Roque, o primo de Pipocas, era um sonhador a dar ao romantismo. Tentava saborear a conquista, procurava acalentar a sedução, compartilhava o prazer. Um Roque durão ou em pensamentos do diabo era coisa que não existia. O seu coração estava aberto para quem dele quisesse fazer uso. O seu expediente e o seu saber estavam à disposição de todos aqueles que, nesses moldes, fossem menos espertos que ele. Foi ele quem levou a melhor sobre Miss Zara durante a ida ao bar quando ela traiu o primo Pipocas. Quando a enfermeira Sandra perdeu a chama do seu coração, a sua rica chama que lhe dava todos os prazeres do corpo, foi Roque quem lhe perdeu o rasto, armou a confusão e pôs ela contra o primo. Foi Roque quem, uma vez, sacou a amante a António Caço onde ela se encontrava a atacar na sua própria casa, e um tal ato exigia não só um coração aventureiro como também um estômago tenaz. Juntamente com esta capacidade de seduzir bem, Roque tinha o dom de dar com situações em que a prática de um episódio burlesco era necessário. A sua fama era tal que uma vez Catanada disse: «Se o Roque tivesse ido para pastor, Marco de Canaveses teria dado um terreno para um curral.»

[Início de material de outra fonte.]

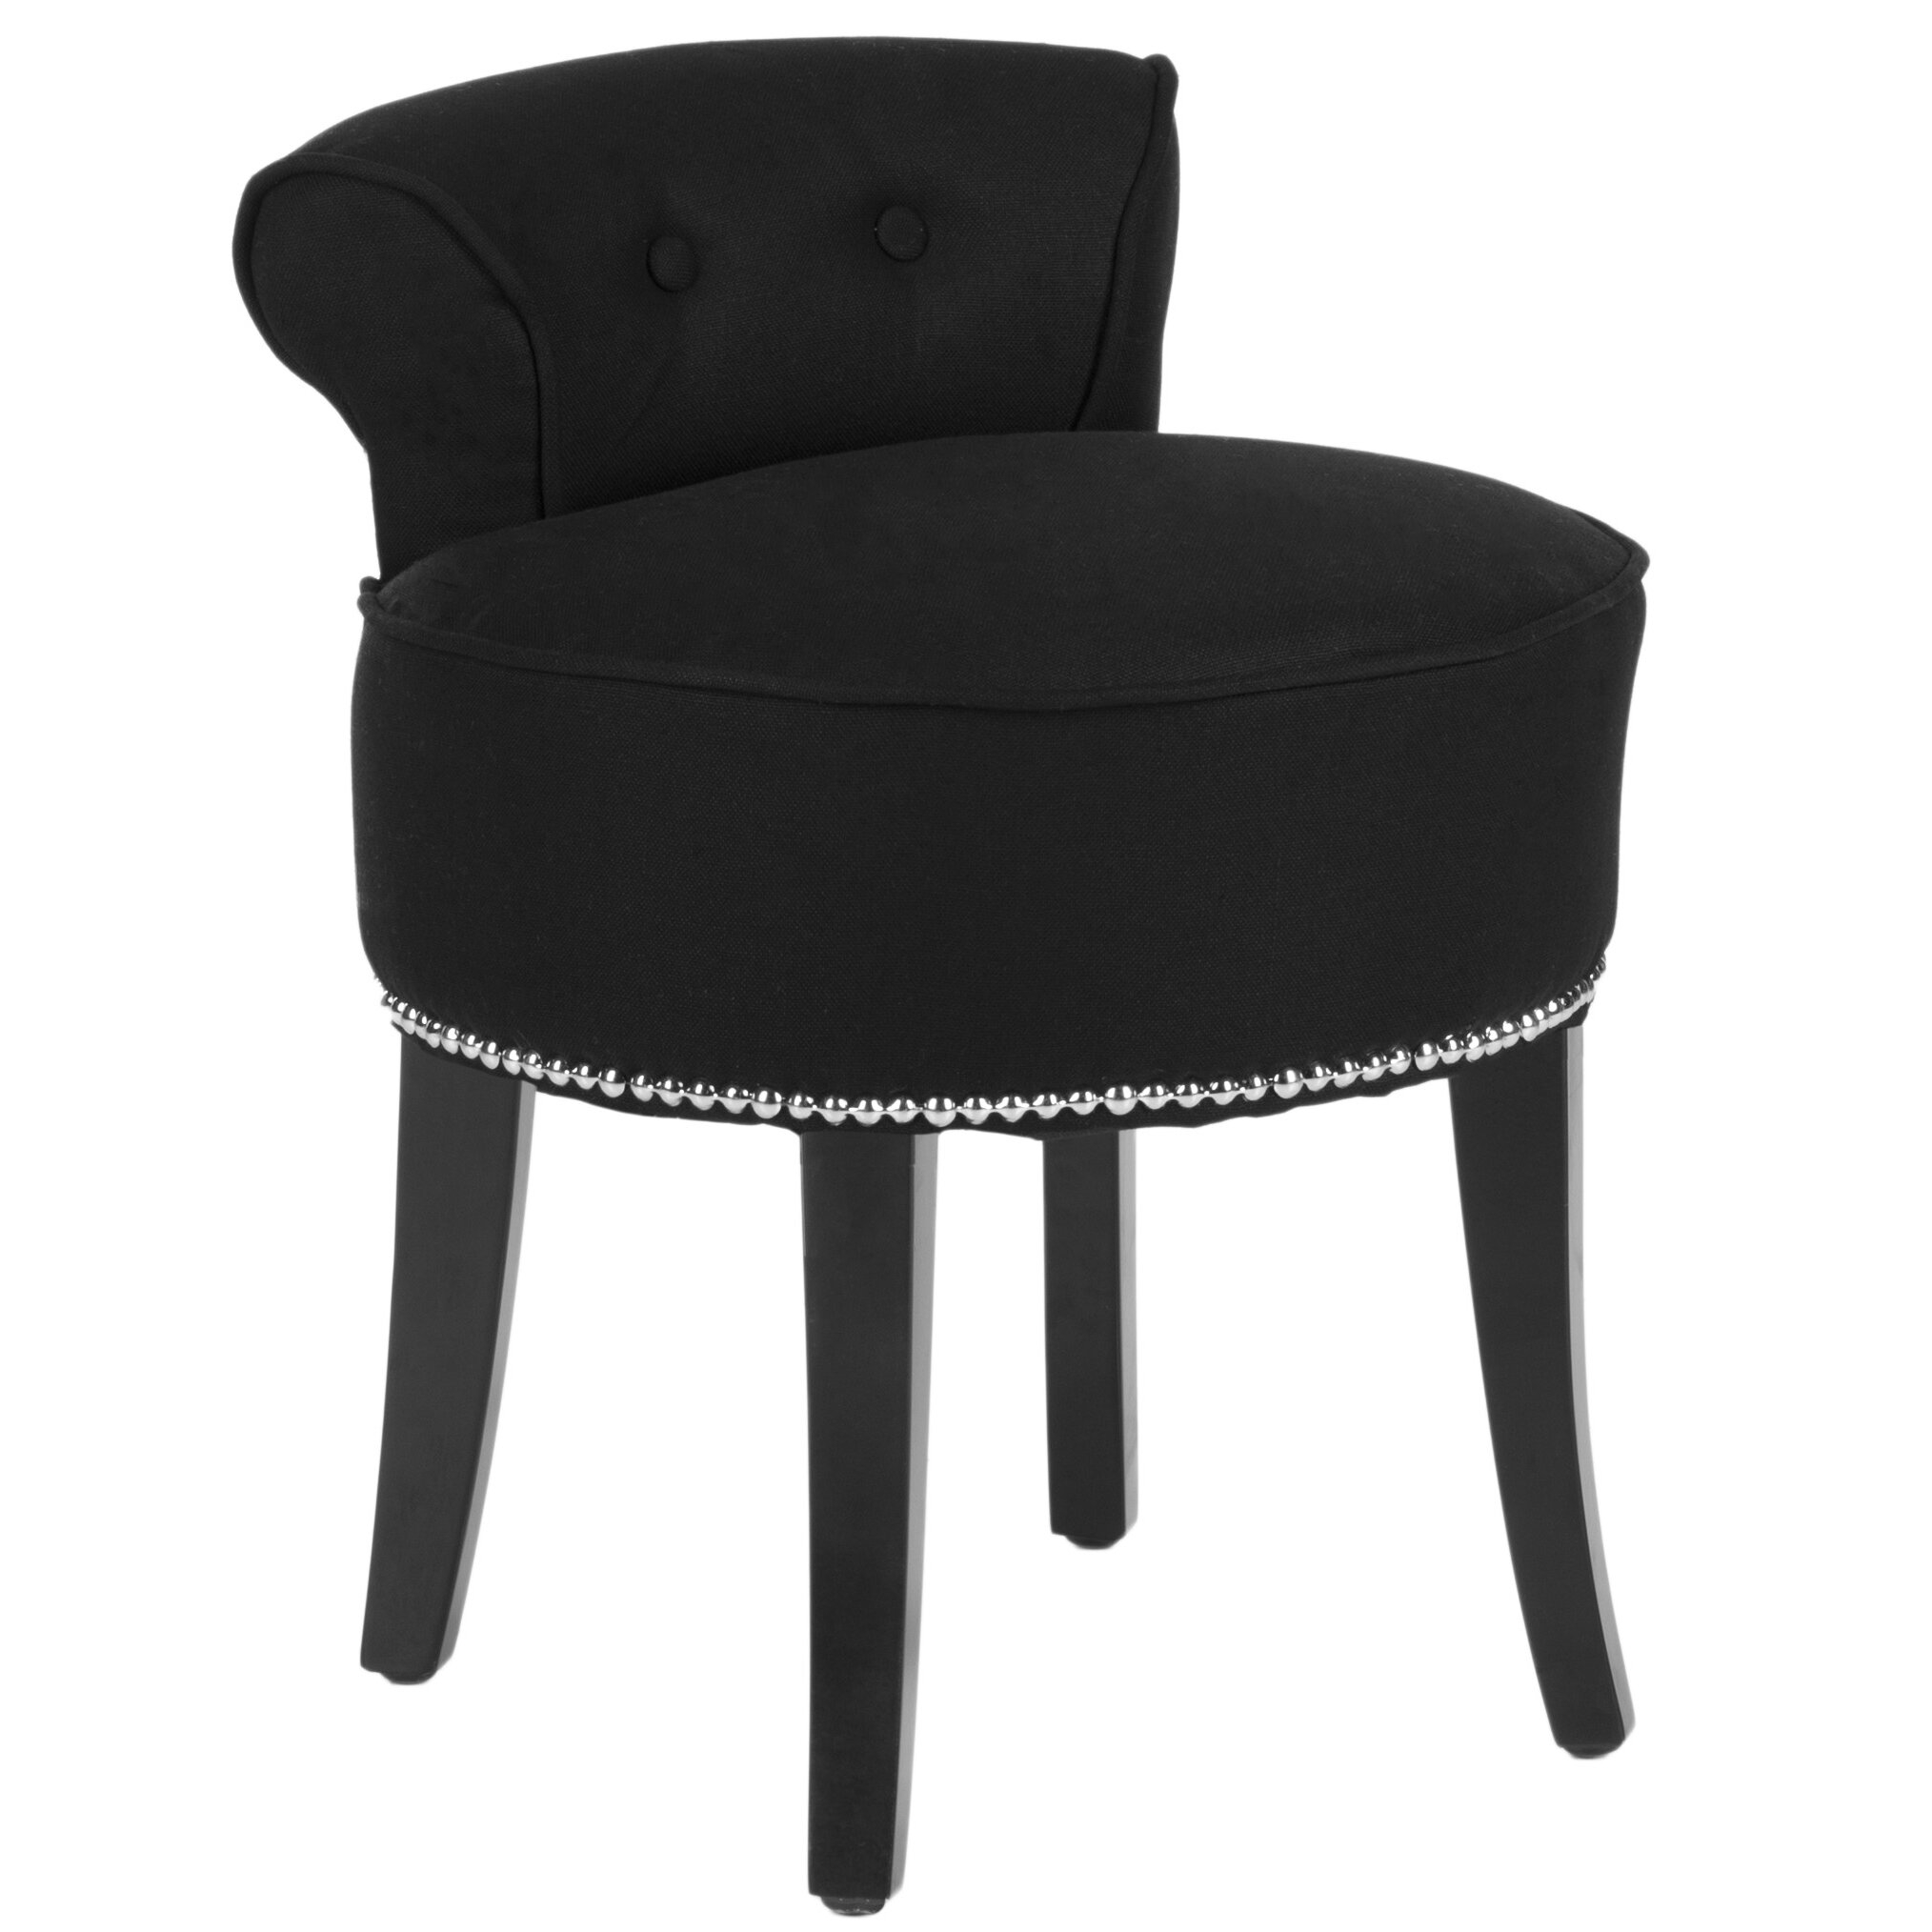 Georgia black vanity stool

Era hábito de Roque ir todos os dias para o refeitório do pessoal da fábrica de confeções onde trabalhava porque em primeiro lugar, podia espalhar aí a sua veia conquistadora e, em segundo lugar, porque do canto da coluna do prédio em que se colocava podia ver as pernas de um grande número de raparigas. E não era nenhum crime. Roque gostava de olhar para as pernas das raparigas. Um dia, depois de ter saído do trabalho, Roque presenciou uma cena caricata. Um empregado de café enxotara de dentro do estabelecimento, um rapazola de dezoito anos, que por sua vez, trazia atrás de si uma rapariga de idade parecida com uma saia curta. O empregado de café ia dizendo:

— Quero lá saber que não vás com a minha cara. Não podes é ficar aqui sentado na cadeira a tarde toda, com a rapariga sem fazer despesa. Andai lá para a rua.

O rapazola protestou num tom de revolta.

— Mas, calma camareiro, nós não estávamos a estorvar. Porque és assim tão ranhoso?

O empregado de café reparou em Roque.

— Eh, conterrâneo — chamou. — Que é que este azeitona está a querer levar?

Roque adiantou-se e dirigiu-se ao rapazola.

— Posso ser-te útil nalguma coisa?

Um rode palavras brotou do atrevido rapazola.

— Vim à procura de um gringo. Uns conhecidos disseram-me que aqui é que ele parava, mas não o encontrei. Estava sentado mais a rapariga à espera e este músico veio ter comigo a insinuar coisas e pôs-se cá fora.

Roque acenou com a cabeça e voltou-se para o empregado do café.

— Este amigalhaço partiu alguma loiça?
— Não, mas está quase há duas horas a ocupar uma mesa, e a rapariga atira-se aos clientes.
— É um conhecido meu — retorquiu Roque. — Eu desenrasco a eles.
— Está bem, mas não os traga para aqui.

Roque e os seus novos amigos subiram a rua.

— Vou levar-te aí a uma cabana onde param uns amigos para tratarem do teu caso. É a tua namorada?
— É a minha rapariga — respondeu o rapazola. — Sou azeitona, e a rapariga é minha. Agora está a treinar, mas quando for boa há-de ser rainha.

Olhou o corpo da rapariga. Na verdade a rapariga parecia estar ainda verde. A vontade de Roque duplicou.

— A cabana onde vamos é um local onde estacionam uns amigos da corda. O maioral chama-se Pipocas. É um individuo de que uma rapariga se pode erguer quando está em dificuldades. Vamos lá, que Pipocas dá-vos apoio. A Senhora do Porto, que é minha amiga, tem uns senhores de bem. Pedimos-lhes uma ajuda para a rapariga.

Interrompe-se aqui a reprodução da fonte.